* [WORK ITEM]: Return exactly and only these lines: the first of the listing through the one containing "A rear view".

* [AVAILABLE RECORDS]:

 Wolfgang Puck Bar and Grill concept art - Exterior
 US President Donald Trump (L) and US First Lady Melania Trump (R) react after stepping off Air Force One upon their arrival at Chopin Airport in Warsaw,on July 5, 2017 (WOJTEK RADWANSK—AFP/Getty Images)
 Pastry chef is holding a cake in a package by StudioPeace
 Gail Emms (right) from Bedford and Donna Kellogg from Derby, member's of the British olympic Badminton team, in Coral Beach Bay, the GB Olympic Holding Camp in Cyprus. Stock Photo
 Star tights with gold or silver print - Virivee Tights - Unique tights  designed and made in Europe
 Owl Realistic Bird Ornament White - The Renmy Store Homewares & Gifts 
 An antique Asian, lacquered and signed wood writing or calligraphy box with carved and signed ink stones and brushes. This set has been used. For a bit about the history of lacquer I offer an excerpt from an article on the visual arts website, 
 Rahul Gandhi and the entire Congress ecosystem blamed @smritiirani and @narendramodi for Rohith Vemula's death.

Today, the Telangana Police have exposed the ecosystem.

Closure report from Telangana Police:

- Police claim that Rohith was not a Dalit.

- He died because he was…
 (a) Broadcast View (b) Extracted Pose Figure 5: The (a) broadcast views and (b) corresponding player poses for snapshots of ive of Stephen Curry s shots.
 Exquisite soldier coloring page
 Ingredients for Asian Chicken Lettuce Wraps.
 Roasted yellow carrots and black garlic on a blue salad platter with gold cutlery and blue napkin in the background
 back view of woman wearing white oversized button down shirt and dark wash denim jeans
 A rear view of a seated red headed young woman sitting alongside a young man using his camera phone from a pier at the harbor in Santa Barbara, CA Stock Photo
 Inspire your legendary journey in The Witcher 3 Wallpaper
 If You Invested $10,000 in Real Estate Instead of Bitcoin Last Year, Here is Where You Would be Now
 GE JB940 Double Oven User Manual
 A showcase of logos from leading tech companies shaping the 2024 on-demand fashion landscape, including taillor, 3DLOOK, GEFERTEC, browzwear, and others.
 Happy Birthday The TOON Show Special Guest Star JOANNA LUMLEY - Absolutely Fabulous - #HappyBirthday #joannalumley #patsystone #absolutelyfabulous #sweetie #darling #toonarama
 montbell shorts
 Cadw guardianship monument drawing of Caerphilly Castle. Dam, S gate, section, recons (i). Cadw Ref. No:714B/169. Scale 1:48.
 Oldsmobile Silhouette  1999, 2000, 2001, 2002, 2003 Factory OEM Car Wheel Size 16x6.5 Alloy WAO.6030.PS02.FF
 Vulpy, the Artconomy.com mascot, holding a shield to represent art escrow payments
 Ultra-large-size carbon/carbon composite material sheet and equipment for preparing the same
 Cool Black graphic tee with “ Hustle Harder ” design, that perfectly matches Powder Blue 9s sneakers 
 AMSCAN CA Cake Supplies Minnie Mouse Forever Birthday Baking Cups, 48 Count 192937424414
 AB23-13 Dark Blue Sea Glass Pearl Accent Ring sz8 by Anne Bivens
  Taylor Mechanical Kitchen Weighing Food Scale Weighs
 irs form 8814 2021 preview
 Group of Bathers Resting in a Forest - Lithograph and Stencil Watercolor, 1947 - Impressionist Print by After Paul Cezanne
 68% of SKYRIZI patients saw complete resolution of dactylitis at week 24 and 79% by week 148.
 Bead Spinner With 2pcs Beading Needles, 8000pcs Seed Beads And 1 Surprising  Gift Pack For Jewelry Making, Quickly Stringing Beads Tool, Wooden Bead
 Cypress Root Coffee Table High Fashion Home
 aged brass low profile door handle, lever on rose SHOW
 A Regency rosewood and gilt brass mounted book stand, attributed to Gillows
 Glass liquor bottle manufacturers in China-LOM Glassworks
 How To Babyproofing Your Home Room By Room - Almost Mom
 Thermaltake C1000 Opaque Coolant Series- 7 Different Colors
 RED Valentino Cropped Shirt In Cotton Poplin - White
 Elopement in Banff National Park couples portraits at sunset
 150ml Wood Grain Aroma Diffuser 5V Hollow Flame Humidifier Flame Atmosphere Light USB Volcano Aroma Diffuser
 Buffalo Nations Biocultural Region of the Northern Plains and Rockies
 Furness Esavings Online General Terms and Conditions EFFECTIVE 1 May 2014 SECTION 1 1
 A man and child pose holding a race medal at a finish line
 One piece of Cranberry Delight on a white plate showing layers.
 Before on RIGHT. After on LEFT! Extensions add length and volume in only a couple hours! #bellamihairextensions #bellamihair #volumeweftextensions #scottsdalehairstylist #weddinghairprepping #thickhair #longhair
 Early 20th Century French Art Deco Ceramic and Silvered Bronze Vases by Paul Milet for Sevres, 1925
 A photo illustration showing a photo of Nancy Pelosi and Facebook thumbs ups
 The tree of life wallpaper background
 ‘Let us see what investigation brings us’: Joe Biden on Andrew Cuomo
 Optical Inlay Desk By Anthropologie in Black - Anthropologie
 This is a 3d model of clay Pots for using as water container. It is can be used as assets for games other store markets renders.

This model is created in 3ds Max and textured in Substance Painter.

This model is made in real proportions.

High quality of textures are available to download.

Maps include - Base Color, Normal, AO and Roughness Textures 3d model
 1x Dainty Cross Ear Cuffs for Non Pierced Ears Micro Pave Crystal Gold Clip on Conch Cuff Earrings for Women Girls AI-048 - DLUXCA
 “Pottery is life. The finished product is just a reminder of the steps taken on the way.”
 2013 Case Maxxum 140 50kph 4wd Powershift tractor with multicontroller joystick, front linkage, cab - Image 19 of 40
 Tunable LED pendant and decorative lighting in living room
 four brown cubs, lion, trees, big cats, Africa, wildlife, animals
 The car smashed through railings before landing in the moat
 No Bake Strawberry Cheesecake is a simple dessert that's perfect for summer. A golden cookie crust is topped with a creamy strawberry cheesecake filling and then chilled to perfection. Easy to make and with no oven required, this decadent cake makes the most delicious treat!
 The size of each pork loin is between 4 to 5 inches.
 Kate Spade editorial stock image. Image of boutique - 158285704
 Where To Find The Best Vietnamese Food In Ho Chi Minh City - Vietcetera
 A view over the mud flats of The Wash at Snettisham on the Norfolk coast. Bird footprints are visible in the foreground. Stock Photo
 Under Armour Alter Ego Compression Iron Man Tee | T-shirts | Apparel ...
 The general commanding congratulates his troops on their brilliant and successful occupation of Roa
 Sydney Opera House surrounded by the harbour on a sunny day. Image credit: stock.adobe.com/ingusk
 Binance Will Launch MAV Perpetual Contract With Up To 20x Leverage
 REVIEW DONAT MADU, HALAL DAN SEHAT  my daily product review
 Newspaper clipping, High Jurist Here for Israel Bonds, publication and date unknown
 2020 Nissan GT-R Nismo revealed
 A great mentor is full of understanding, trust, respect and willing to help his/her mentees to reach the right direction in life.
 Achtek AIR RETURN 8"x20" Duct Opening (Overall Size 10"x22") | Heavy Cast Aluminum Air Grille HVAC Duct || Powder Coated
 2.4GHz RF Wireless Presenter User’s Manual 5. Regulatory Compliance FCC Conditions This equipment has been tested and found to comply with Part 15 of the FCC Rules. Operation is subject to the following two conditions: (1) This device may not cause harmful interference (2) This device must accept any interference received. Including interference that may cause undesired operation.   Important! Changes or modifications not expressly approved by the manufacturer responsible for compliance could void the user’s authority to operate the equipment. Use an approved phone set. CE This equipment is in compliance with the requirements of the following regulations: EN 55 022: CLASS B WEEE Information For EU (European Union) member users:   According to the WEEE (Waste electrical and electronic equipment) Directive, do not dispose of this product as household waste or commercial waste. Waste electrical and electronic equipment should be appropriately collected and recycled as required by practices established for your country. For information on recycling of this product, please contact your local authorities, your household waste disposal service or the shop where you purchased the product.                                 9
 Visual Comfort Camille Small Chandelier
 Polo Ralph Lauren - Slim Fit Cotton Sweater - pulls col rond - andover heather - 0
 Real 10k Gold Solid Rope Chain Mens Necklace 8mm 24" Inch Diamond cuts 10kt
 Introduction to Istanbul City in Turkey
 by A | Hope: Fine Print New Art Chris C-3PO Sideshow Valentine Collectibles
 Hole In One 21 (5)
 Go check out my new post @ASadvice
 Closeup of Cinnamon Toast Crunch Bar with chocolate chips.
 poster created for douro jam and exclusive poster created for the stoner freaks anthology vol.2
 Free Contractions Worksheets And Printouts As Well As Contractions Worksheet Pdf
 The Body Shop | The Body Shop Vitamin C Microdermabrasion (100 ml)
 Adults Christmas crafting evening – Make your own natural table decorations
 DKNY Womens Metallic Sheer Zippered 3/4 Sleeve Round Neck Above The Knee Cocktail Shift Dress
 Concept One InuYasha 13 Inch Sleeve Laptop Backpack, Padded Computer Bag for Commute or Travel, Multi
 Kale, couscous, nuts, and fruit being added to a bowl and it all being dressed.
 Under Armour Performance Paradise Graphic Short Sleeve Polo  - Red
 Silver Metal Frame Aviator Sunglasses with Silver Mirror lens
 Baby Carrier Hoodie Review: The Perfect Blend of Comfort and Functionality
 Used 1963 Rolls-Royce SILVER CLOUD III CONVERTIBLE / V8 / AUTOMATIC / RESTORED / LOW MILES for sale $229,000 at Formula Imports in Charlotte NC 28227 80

* [WRITTEN RESPONSE]:
 Wolfgang Puck Bar and Grill concept art - Exterior
 US President Donald Trump (L) and US First Lady Melania Trump (R) react after stepping off Air Force One upon their arrival at Chopin Airport in Warsaw,on July 5, 2017 (WOJTEK RADWANSK—AFP/Getty Images)
 Pastry chef is holding a cake in a package by StudioPeace
 Gail Emms (right) from Bedford and Donna Kellogg from Derby, member's of the British olympic Badminton team, in Coral Beach Bay, the GB Olympic Holding Camp in Cyprus. Stock Photo
 Star tights with gold or silver print - Virivee Tights - Unique tights  designed and made in Europe
 Owl Realistic Bird Ornament White - The Renmy Store Homewares & Gifts 
 An antique Asian, lacquered and signed wood writing or calligraphy box with carved and signed ink stones and brushes. This set has been used. For a bit about the history of lacquer I offer an excerpt from an article on the visual arts website, 
 Rahul Gandhi and the entire Congress ecosystem blamed @smritiirani and @narendramodi for Rohith Vemula's death.

Today, the Telangana Police have exposed the ecosystem.

Closure report from Telangana Police:

- Police claim that Rohith was not a Dalit.

- He died because he was…
 (a) Broadcast View (b) Extracted Pose Figure 5: The (a) broadcast views and (b) corresponding player poses for snapshots of ive of Stephen Curry s shots.
 Exquisite soldier coloring page
 Ingredients for Asian Chicken Lettuce Wraps.
 Roasted yellow carrots and black garlic on a blue salad platter with gold cutlery and blue napkin in the background
 back view of woman wearing white oversized button down shirt and dark wash denim jeans
 A rear view of a seated red headed young woman sitting alongside a young man using his camera phone from a pier at the harbor in Santa Barbara, CA Stock Photo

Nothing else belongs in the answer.